Trajectories of the Hippocampal Subfields Atrophy in the Alzheimer's Disease: A Structural Imaging Study

Front Neuroinform. 2019 Mar 22;13:13. doi: 10.3389/fninf.2019.00013. eCollection 2019.


Background: The hippocampus and hippocampal subfields have been found to be diversely affected in Alzheimer's Disease (AD) and early stages of Alzheimer's disease by neuroimaging studies. However, our knowledge is still lacking about the trajectories of the hippocampus and hippocampal subfields atrophy with the progression of Alzheimer's disease.

Objective: To identify which subfields of the hippocampus differ in the trajectories of Alzheimer's disease by magnetic resonance imaging (MRI) and to determine whether individual differences on memory could be explained by structural volumes of hippocampal subfields.

Methods: Four groups of participants including 41 AD patients, 43 amnestic mild cognitive impairment (aMCI) patients, 35 subjective cognitive decline (SCD) patients and 42 normal controls (NC) received their structural MRI brain scans. Structural MR images were processed by the FreeSurfer 6.0 image analysis suite to extract the hippocampus and its subfields.

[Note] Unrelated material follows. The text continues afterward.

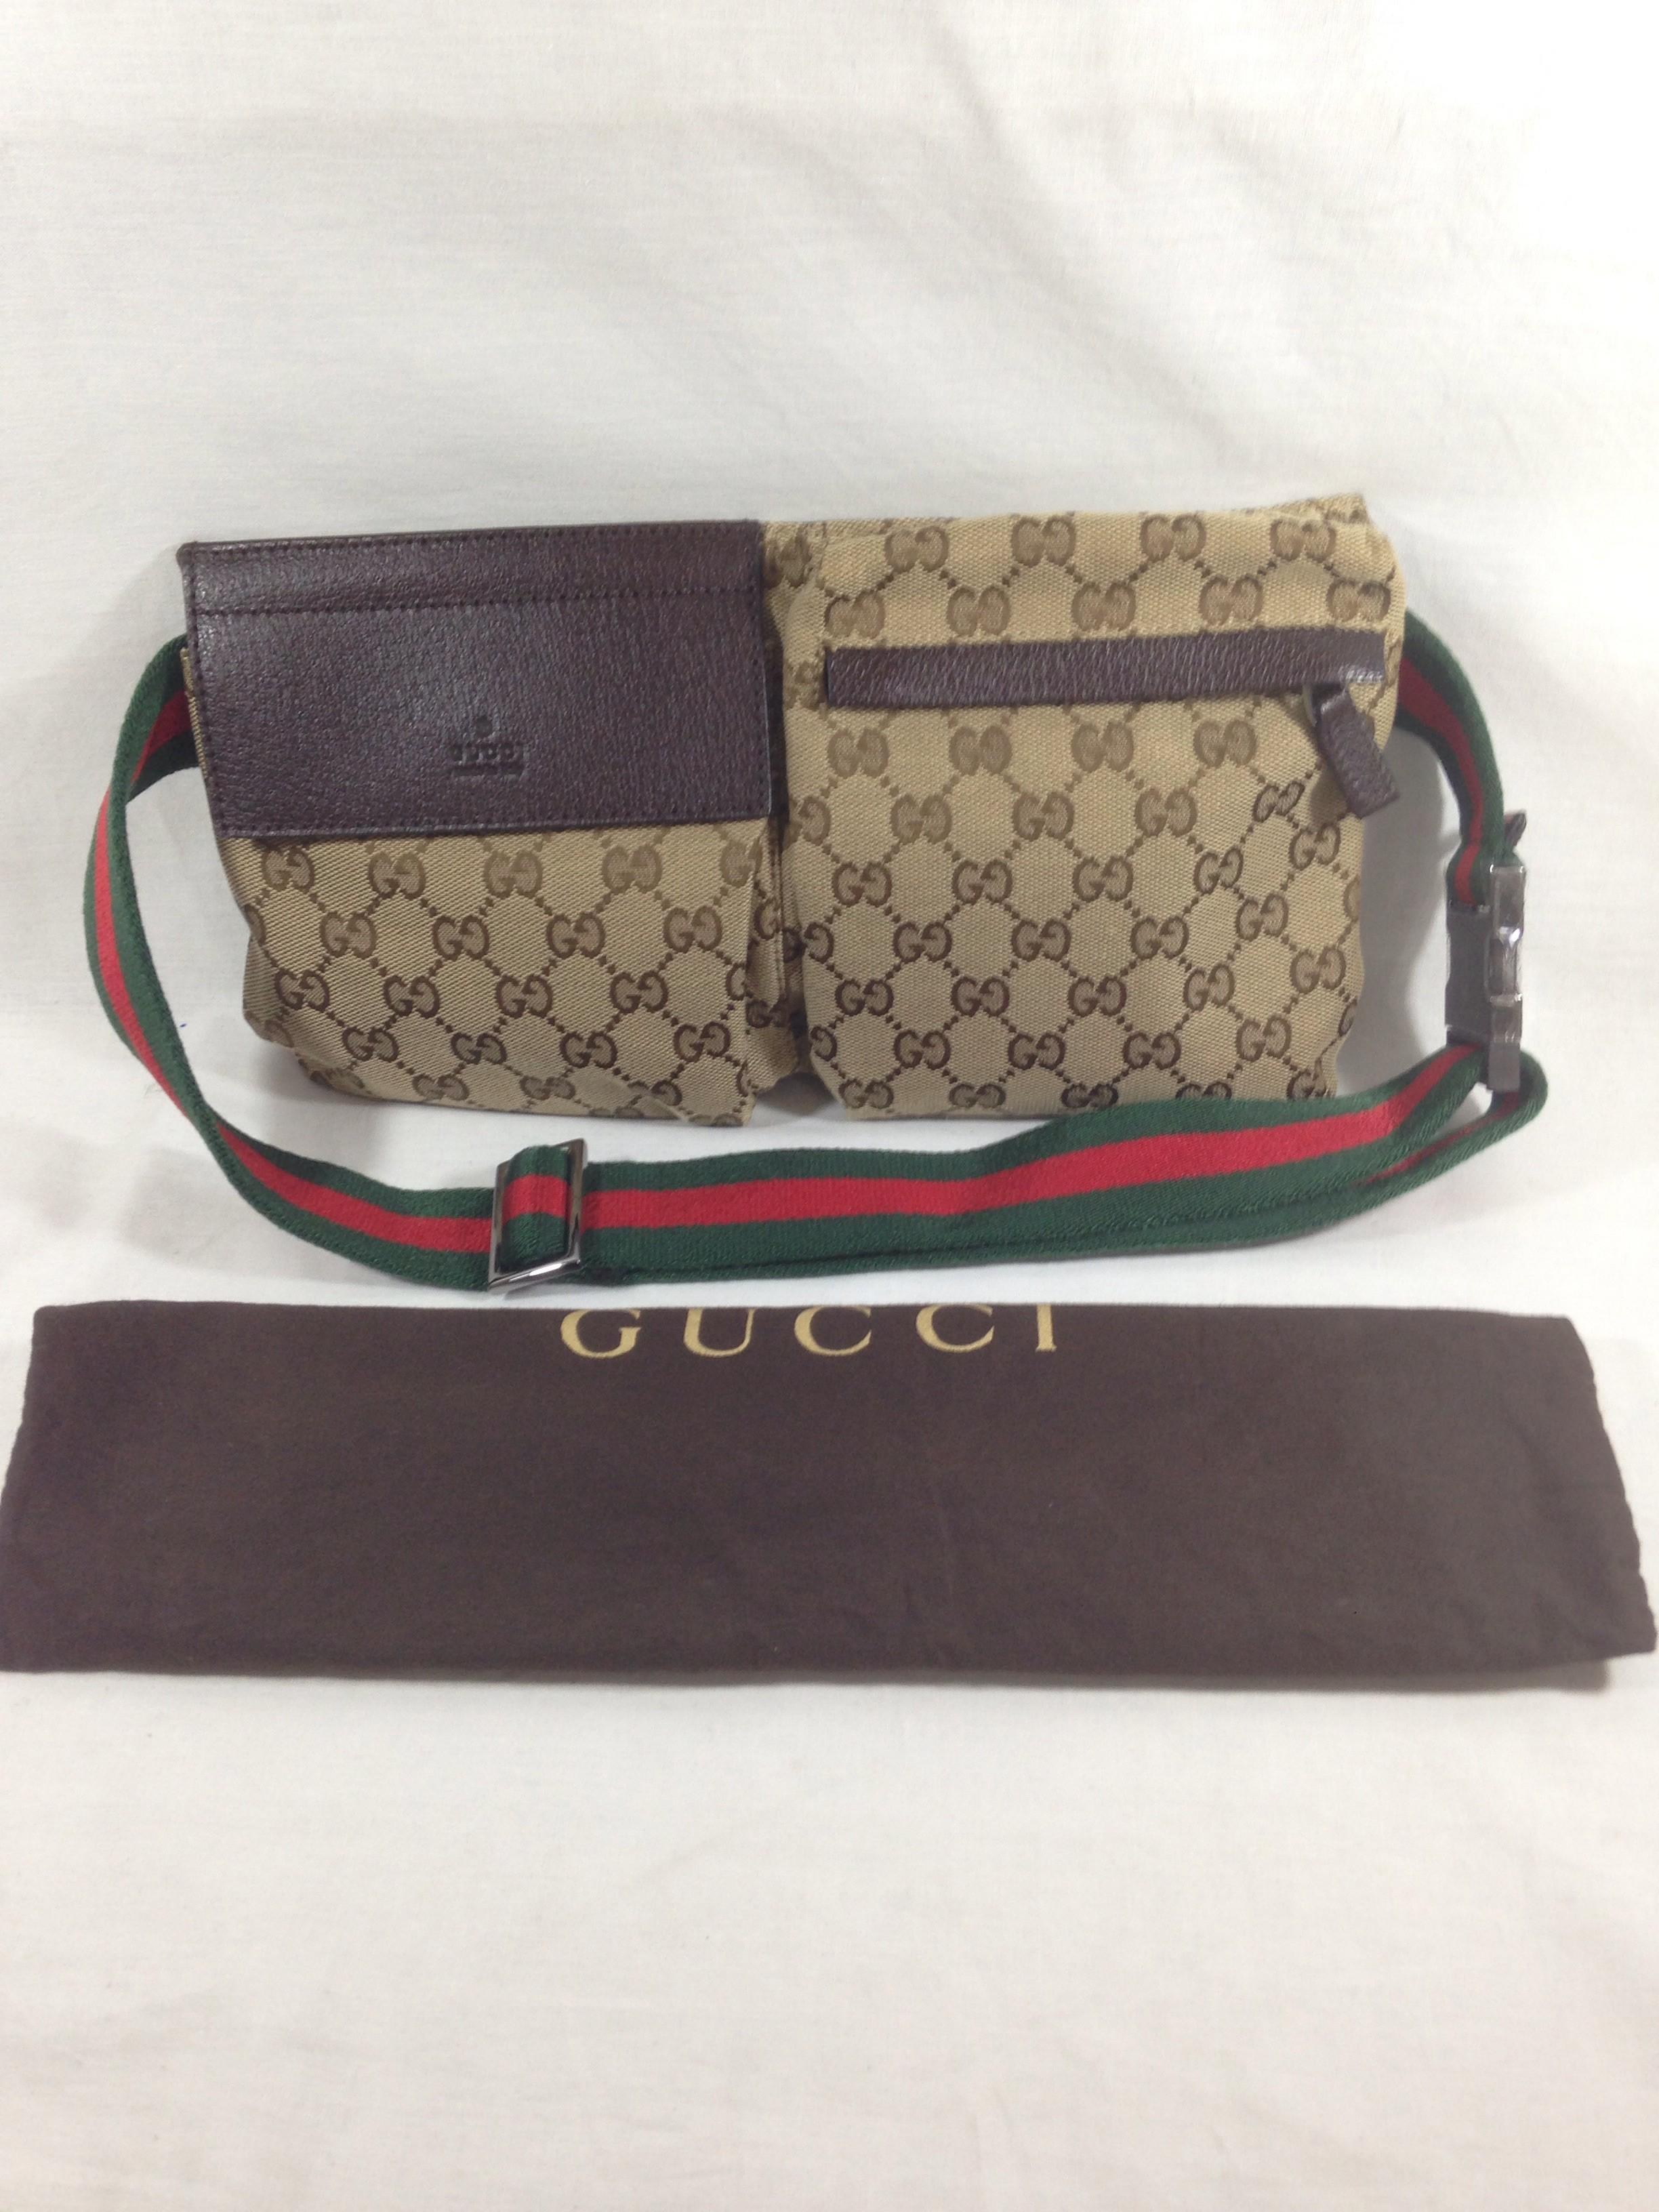 9540128db776 Gucci waist bag belt bag Buy Online, Preloved & 100% Authentic ...
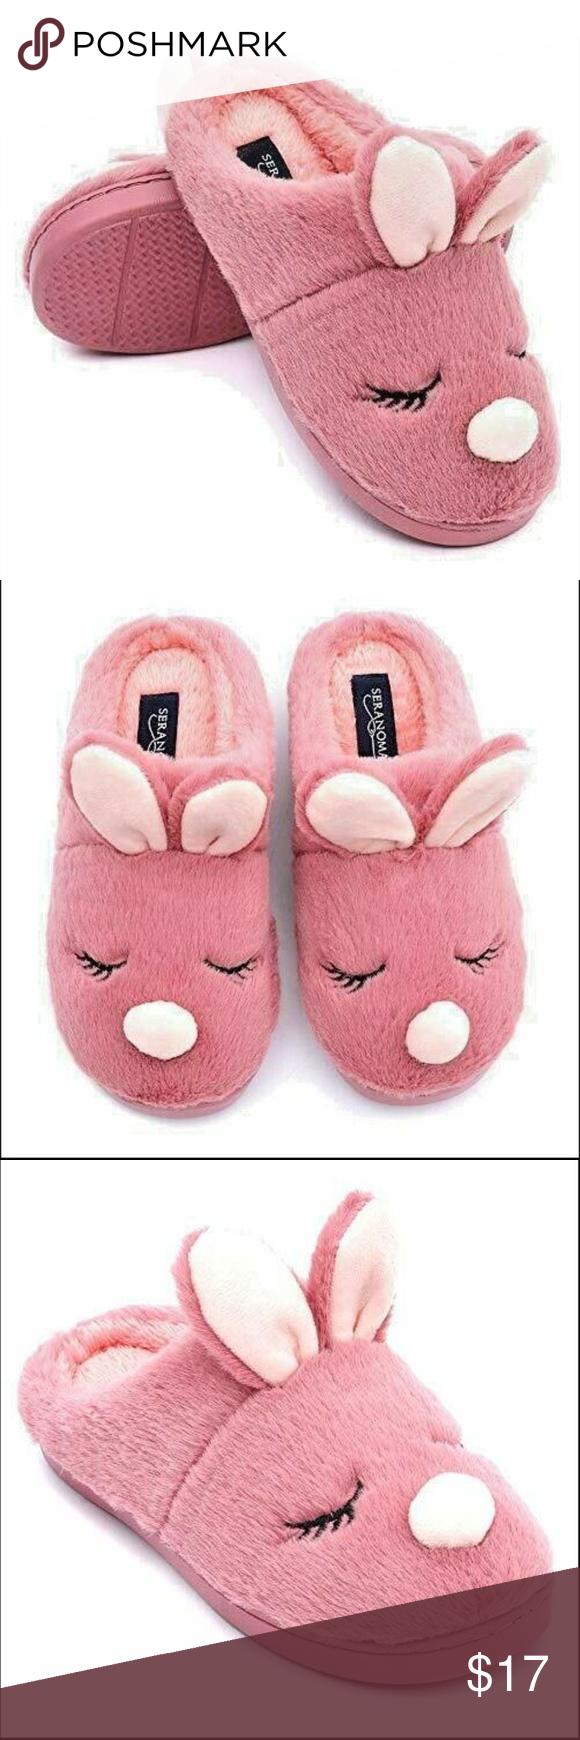 Cute Seranoma Women S Coral Fleece Bunny Slippers Slippers Bunny Slippers Slippers Cozy

Furthermore, we investigated relationships between hippocampal subfield volumes and memory test variables (AVLT-immediate recall, AVLT-delayed recall, AVLT-recognition) and the regression model analyses were controlled for age, gender, education and eTIV.

Results: CA1, subiculum, presubiculum, molecular layer and fimbria showed the trend toward significant volume reduction among four groups with the progression of Alzheimer's disease. Volume of left subiculum was most strongly and actively correlated with performance across AVLT measures.

Conclusion: The trend changes in the hippocampus subfields and further illustrates that SCD is the preclinical stage of AD earlier than aMCI. Future studies should aim to associate the atrophy of the hippocampal subfields in SCD with possible conversion to aMCI or AD with longitudinal design.

Keywords: Alzheimer’s disease; amnestic mild cognitive impairment; hippocampal subfields; magnetic resonance imaging; subjective cognitive decline.